HISTFILE=~/.zhistory
HISTSIZE=SAVEHIST=10000
setopt incappendhistory
setopt sharehistory
setopt extendedhistory
One history for all open shells; store 10,000 entires. This makes this into a useful memory aid to find the commands you used last time for ./configure etc. Use Alt-P (find command that starts like this) and ^R (search in history) liberally.
# superglobs
setopt extendedglob
unsetopt caseglob
Enables all sorts of extended globbing, such as ls */.txt (find all text files), ls -d *(D) (show all files including those starting with "."). To find out more, go to man zshexpn, section "FILENAME GENERATION".

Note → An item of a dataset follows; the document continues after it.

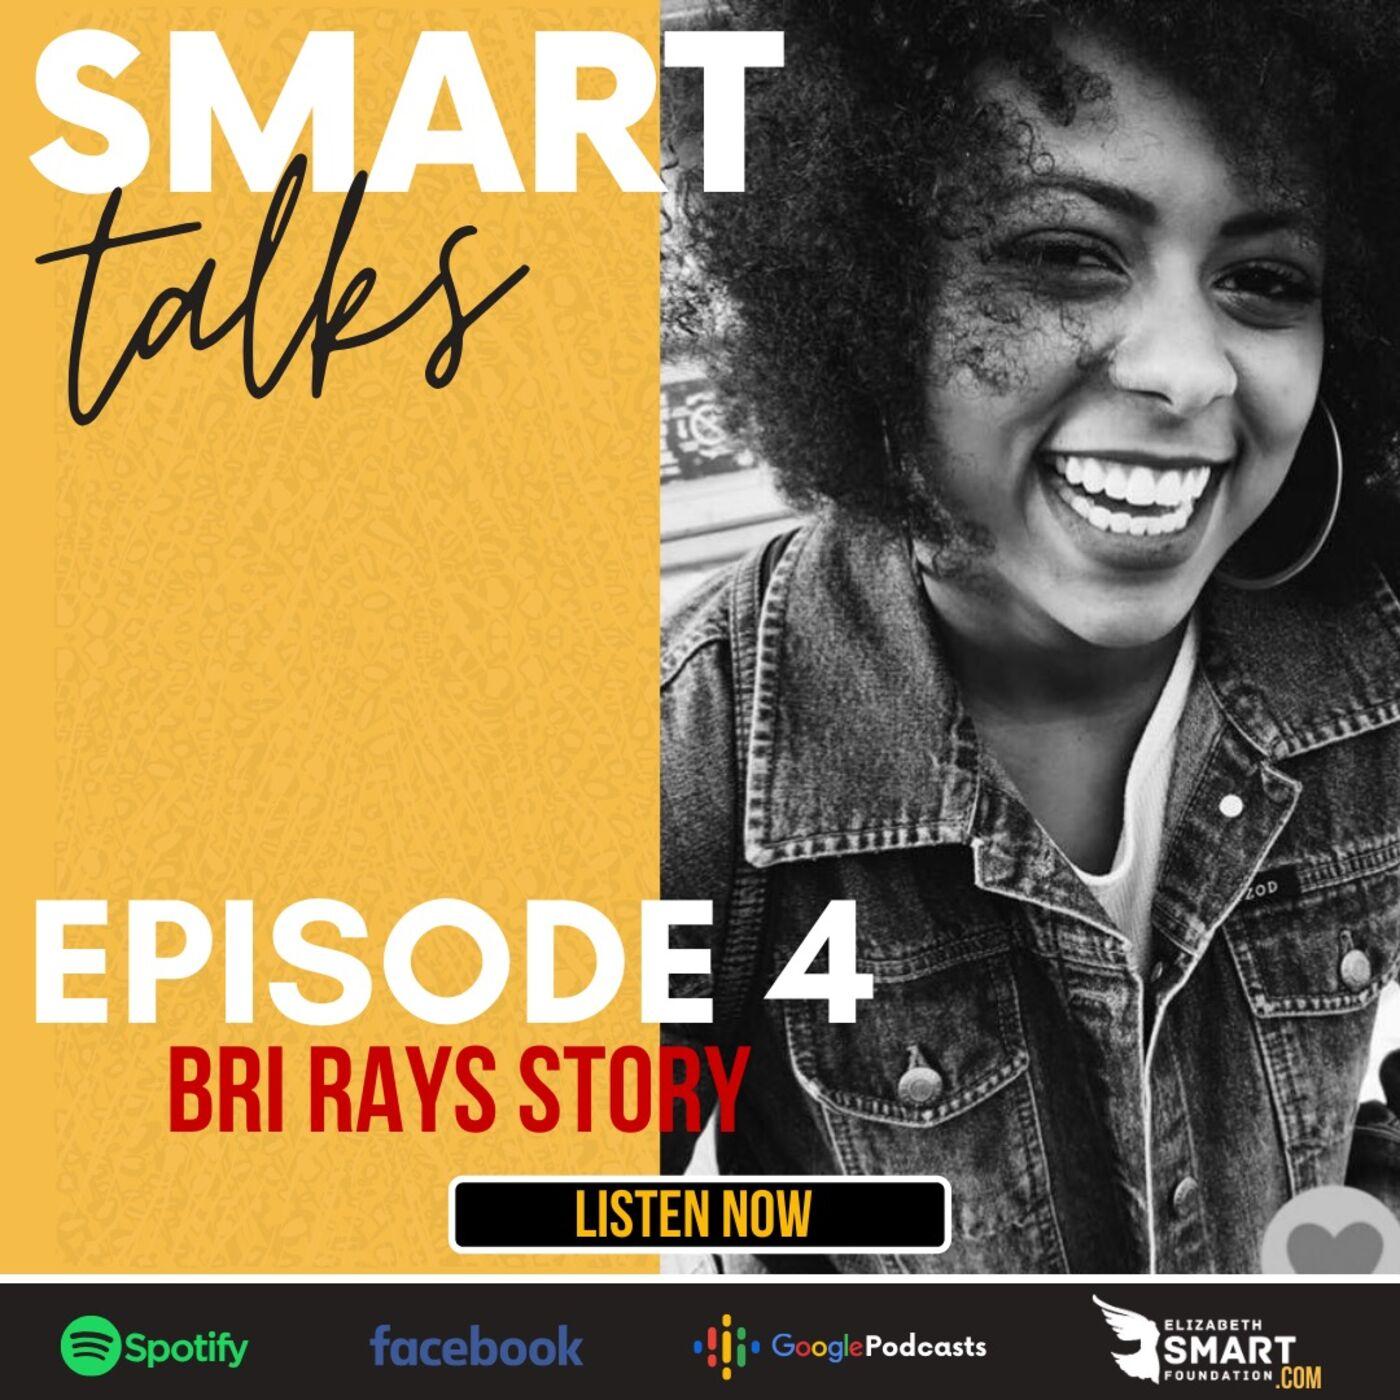 Episode 4: Bri's Story

setopt interactivecomments # pound sign in interactive prompt
This is useful to remember command in your history without executing them.
setopt auto_cd
Type ".." instead of "cd ..", "/usr/include" instead of "cd /usr/include".
PS1='[%T] %n@%m:%~# '
Nice prompt.
REPORTTIME=10
Display CPU usage stats for commands taking more than 10 seconds
alias 'a=sudo aptitude'
alias 'ai=sudo aptitude install'
alias 'ar=sudo aptitude remove'
alias 'au=sudo aptitude update'
alias 'ag=sudo aptitude safe-upgrade'
alias 'as=apt-cache search'
alias 'aw=apt-cache show'
Some commands you use extensively in Ubuntu.
function apt-list-packages {
dpkg-query -W --showformat='${Installed-Size} ${Package} ${Status}\n' | grep -v deinstall | sort -n | awk '{print $1" "$2}'
}
Lists packages sorted by their size - useful when deciding which packages are taking up you disk space.